Madness
As if in response to my recent posts suggesting that Muslims—all Muslims—who have chosen to live in the West have a responsibility to (1) overtly reject radical Islamic theology and (2) begin to implement tangible actions that will uncover and identify radical Islamists in our midst, Max Fisher of ultra-progressive vox.com uses predictable name-calling and tenuous arguments to further the politically correct narrative that Muslims aren't really involved. Rather, it's unidentified fanatics who are prone to violence and murder (in the name of Islam) but otherwise disconnected from Islam. Fisher writes:
Here is what Muslims and Muslim organizations are expected to say: "As a Muslim, I condemn this attack and terrorism in any form."This response is typical. If you raise issues that are certainly justified, given the recent carnage in France and elsewhere, you're at best an "islamophobe" and at worst a "bigot." Not to nit pick, but "a few individuals" murdered almost 3,000 civilians in our country less than 15 years ago, a few more "individuals" killed hundreds or thousand in places as diverse as Nigeria, England, Spain, Thailand, and Indonesian, not to mention the on-going carnage throughout the Arab word. Again not be be picky, but most of this carnage is NOT conduced by a few lone wolfs but is coordinated, funded, and endorsed by radical Muslim groups worldwide. Mr. Fisher blithely forgets about all of this in his rush to be oh-so politically correct.
This expectation we place on Muslims, to be absolutely clear, is Islamophobic and bigoted. The denunciation is a form of apology: an apology for Islam and for Muslims. The implication is that every Muslim is under suspicion of being sympathetic to terrorism unless he or she explicitly says otherwise. The implication is also that any crime committed by a Muslim is the responsibility of all Muslims simply by virtue of their shared religion.

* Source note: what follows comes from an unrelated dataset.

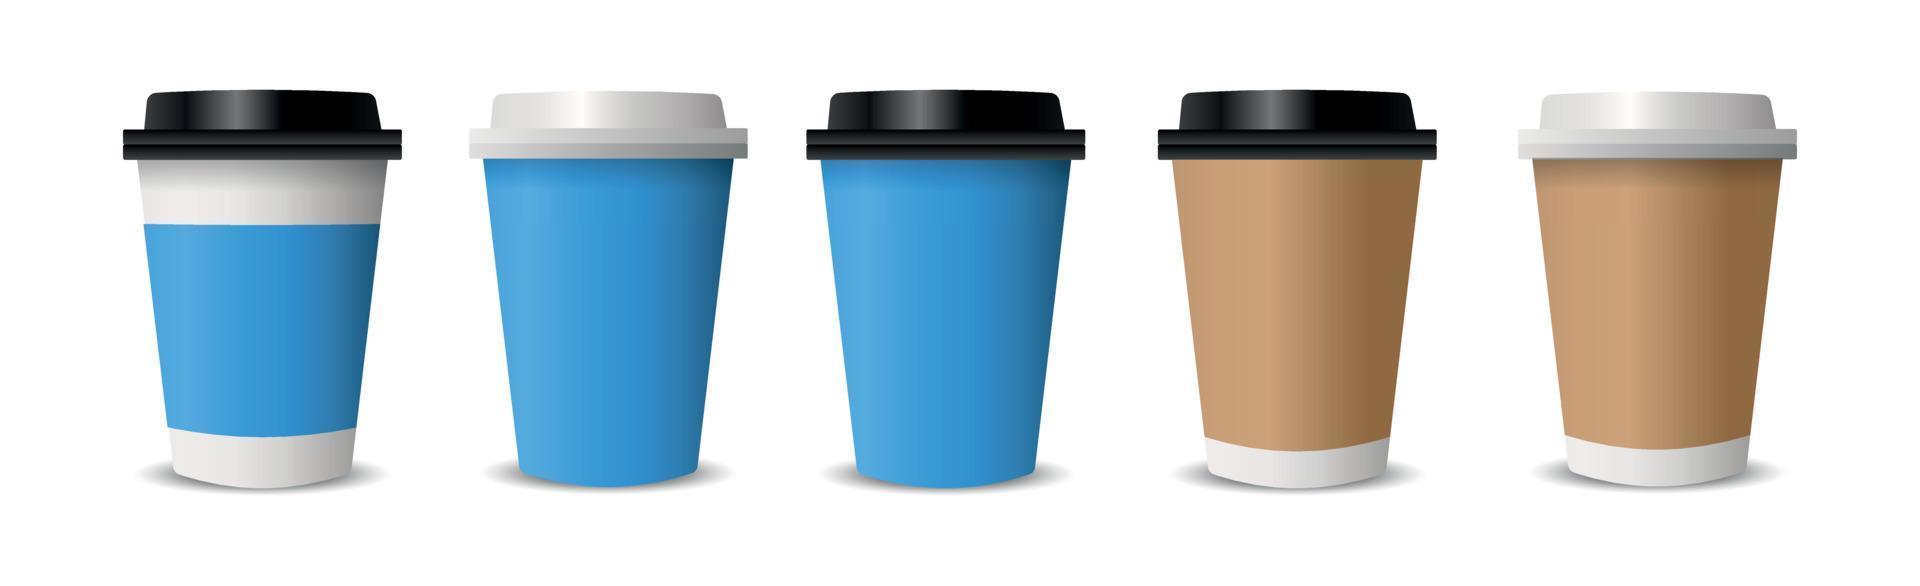 realistische kopjes voor koffie en thee op een witte achtergrond - vector

This sort of thinking — blaming an entire group for the actions of a few individuals, assuming the worst about a person just because of their identity — is the very definition of bigotry. It is also, by the way, the very same logic that leads French non-Muslims, outraged by the Charlie Hebdo murders, to attack French mosques in hateful and misguided retaliation. And it's the same logic that led CNN host Don Lemon to ask Muslim-American human rights lawyer Arasalan Iftikhar if he supports ISIS, as if the simple fact of Iftikhar's religion — despite the fact that he is exactly the sort of liberal human rights activist whom ISIS hates most — made him suspect.
It is time for that ritual to end: non-Muslims in all countries, and today especially those in France, should finally take on the correct assumption that Muslims hate terrorism just as much as they do, and cease expecting Muslims to prove their innocence just because of their faith.

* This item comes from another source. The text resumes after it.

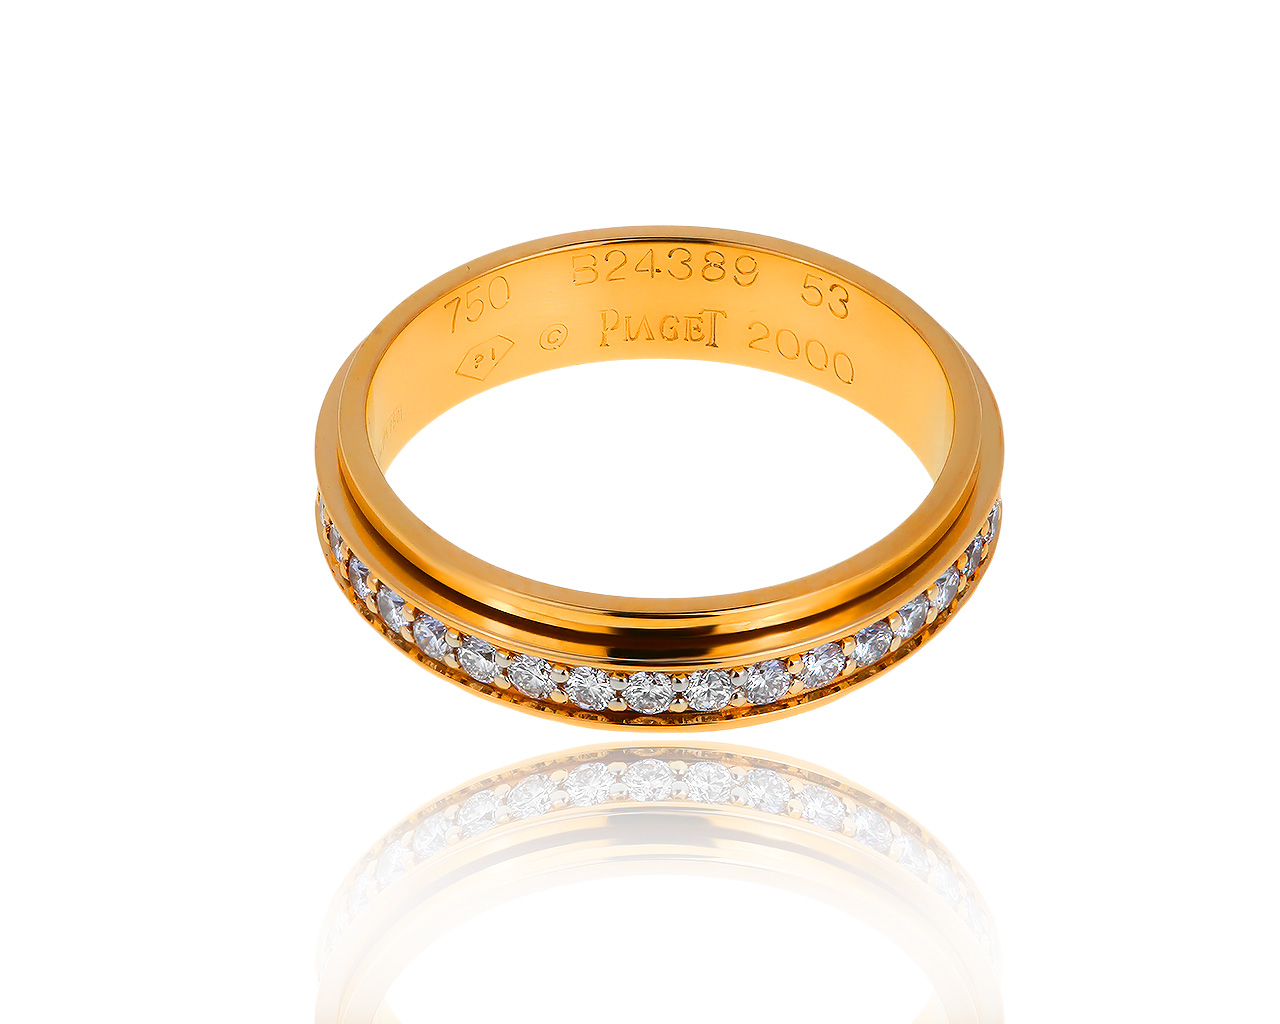 Оригинальное золотое кольцо с бриллиантами 0.55ct Piaget Possession

Bigoted assumptions are the only plausible reason for this ritual to exist, which means that maintaining the ritual is maintaining bigotry. Otherwise, we wouldn't expect Muslims to condemn the Charlie Hebdo attackers — who, if they spoke the truth in reportedly claiming to be from al-Qaeda's Yemen branch, belong to a group whose primary victims by far are fellow Muslims — any more than we would expect Christians to condemn Timothy McVeigh. Similarly, if someone blames all Jews for the act of, say, extremist Israeli settlers in the West Bank, we immediately and correctly reject that position as prejudiced. We understand that such an accusation is hateful and wrong — but not when it is applied to Muslims.
And again, not be be picky, but Christians did condemn Timothy McVeigh in very large numbers, and the "extremist settlers" on the West Bank who progressives love to hate are building apartment units, not committing unprovoked mass murder. But then again, logic has never been the Left's strong suit.
James Taranto of The Wall Street Journal brilliantly deconstructs arguments made by Fisher and dozens of other leftists:
Let’s begin by noting a curious contrast between Fisher and his boss, Ezra Klein, who in a piece responding to the Paris massacre urged a know-nothing approach to the attackers’ ideological motivations. The murders, he wrote, “can only be explained by the madness of the perpetrators, who did something horrible and evil that almost no human beings anywhere ever do, and the condemnation doesn’t need to be any more complex than saying unprovoked mass slaughter is wrong.”Those-who-cannot-and-will-not-be-named (i.e., Muslim terrorists) are exemplars of "madness." Let's take that claim at face value. Doesn't it behoove everyone threatened by this "madness" and those with the best opportunity to identify "madness" to (1) renounce it and (2) work very hard to eliminate it from our midst.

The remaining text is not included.